Parenthetical type grammar with an explicit start character and end character is pivotal for encoding information unambiguously. You can't replicate that with any system that uses the same characters for the start and end, because it would be ambiguous as to if you are starting a nested context or ending the present one. Double, single, and even the rare triple quote allow for nested quotation. In principle a clean open and close quotation mark would also solve this (no subtle pixel hunting). You're right that we don't truly need four redundant variations on bracketing, but reducing it to just one is probably too few as it would be representing too many possible things at once. How about one pair for a narrative context (aka a quote), one pair for linguistic recursion (like I'm doing right now), one pair for collections of objects such as a list or a set. Colons probably could be skipped, everything beyond that is strawmanning me. A certain small number of delimiters / particles / whatever are needed to have expressive completeness. You need to be able to build sequential lists, unordered lists, one of several possibility sets, and / or / not type relations. In other words, a natural language at the very least needs some sort of regex subsystem, but it need not be much more more sophisticated than regex. I'm not a grammar denialist in fact quite the opposite. I want the information coded in simple grammar rules, not ad hoc arbitrary tables continually expanding.

I say this as someone who had a 12th grade vocabulary in 5th grade and its only gone up since, vocabulary is a waste of time.

Actually, I'm almost with you on 'c', but I'd rather throw out 'k' because its one of the few that don't fit on a 7 segment display. Capital letters also don't add much information. Yes actually, I'm fine with all of those going away. I couldn't tell you why the people who design way finding signage avoid serifs like a pox, yet other design fields refuse to read without them. With or without seems to read just fine. I really don't care too much either way. Letters would be better if they all worked more like EFHLT. Right now, too many clashing elements. Some are boxy, some are round, some have sharp diagonals. I'm not saying it has to be a 7 segment design, but it would certainly be pleasing if learning the alphabet, its ordering, how to write it, could all happen much faster by just noticing a few easy repeating patterns. Yes actually, lets do language reform.

>It seems to me that many people seem to draw a line between what is acceptable and what is not based on whatever they are comfortable and familiar with by the time they reach the end of their schooling.

Well I'll agree with you there. All to often pointless pedantry comes down to "my school must be right otherwise I am wrong". Love or hate my reasoning, at least you can't accuse me of doing that.

> Parenthetical type grammar with an explicit start character and end character is pivotal for encoding information unambiguously.
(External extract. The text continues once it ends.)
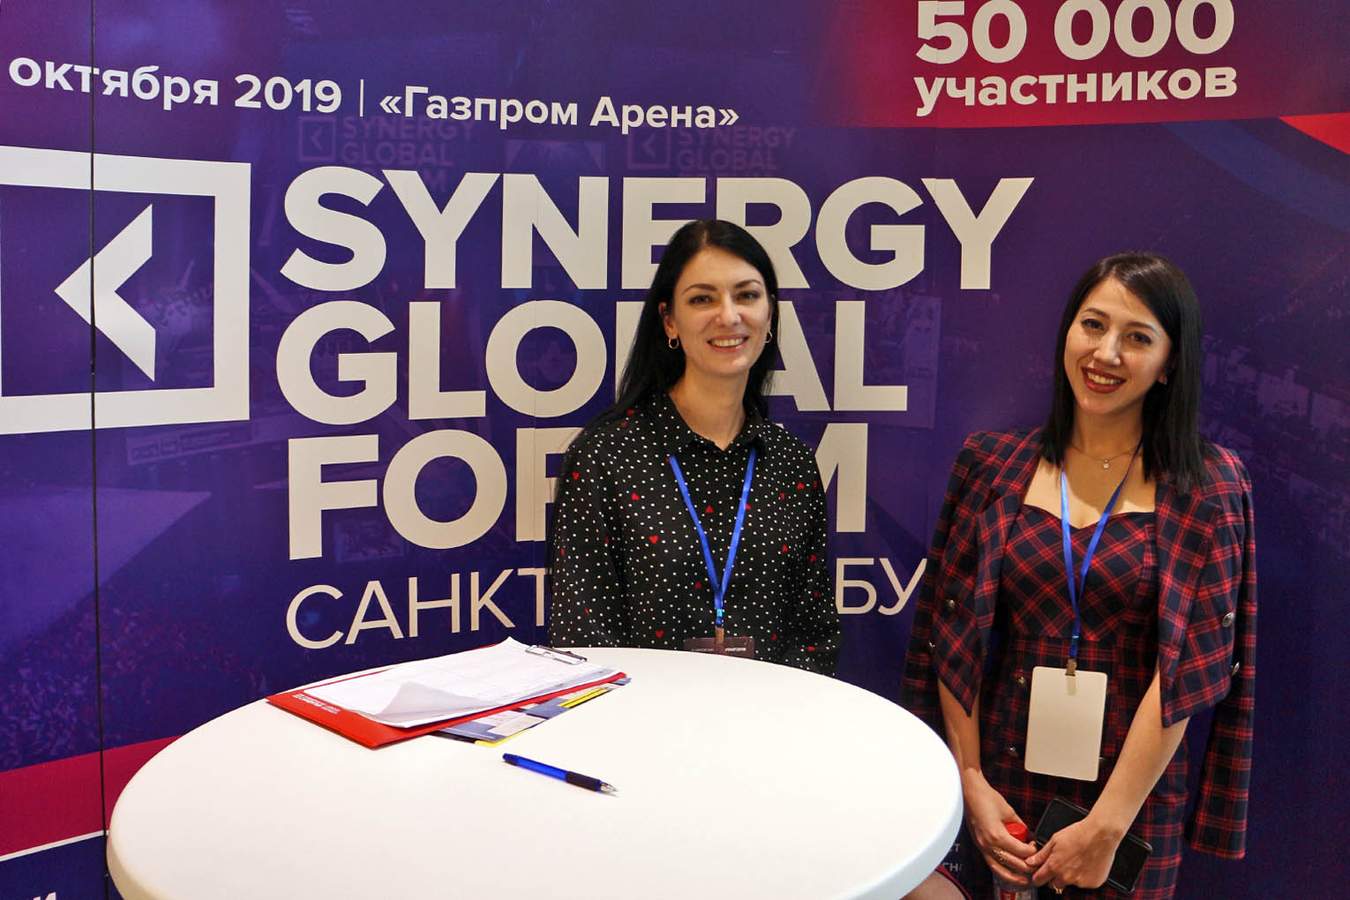 Synergy Woman Forum 2019

You argue against multiple types of dashes because context is sufficient, despite there being typographical ambiguity. But you insist that we must have typographically unambiguous bracket characters. I must admit that I am struggling in this conversation to determine when we can depend on context and when we need unambiguous markers. Perhaps I am just incapable of picking up on the subtle context that backs up this position of yours. (:

> everything beyond that is strawmanning me

In fact, you will find examples of real human languages that exhibit more extreme versions of the things I have suggested.

FOREXAMPLELATINWASORIGINALLYWRITTENINASINGLECASEWITHNOSPACESBETWEENWORDS SENTENCESWERESEPARATEDBYASINGLESPACE OBVIOUSLYALLOFTHEPUNCTUATIONISUNNECESSARY SOALLARGUMENTSABOUTTYPOGRAPHYOTHERTHANTHATOFFONTSAREBASEDINREALITY

There are languages with simpler tense systems than what English has. Slavic languages, for example, tend not to have a pluperfect. So, the example of removing tenses is based in reality.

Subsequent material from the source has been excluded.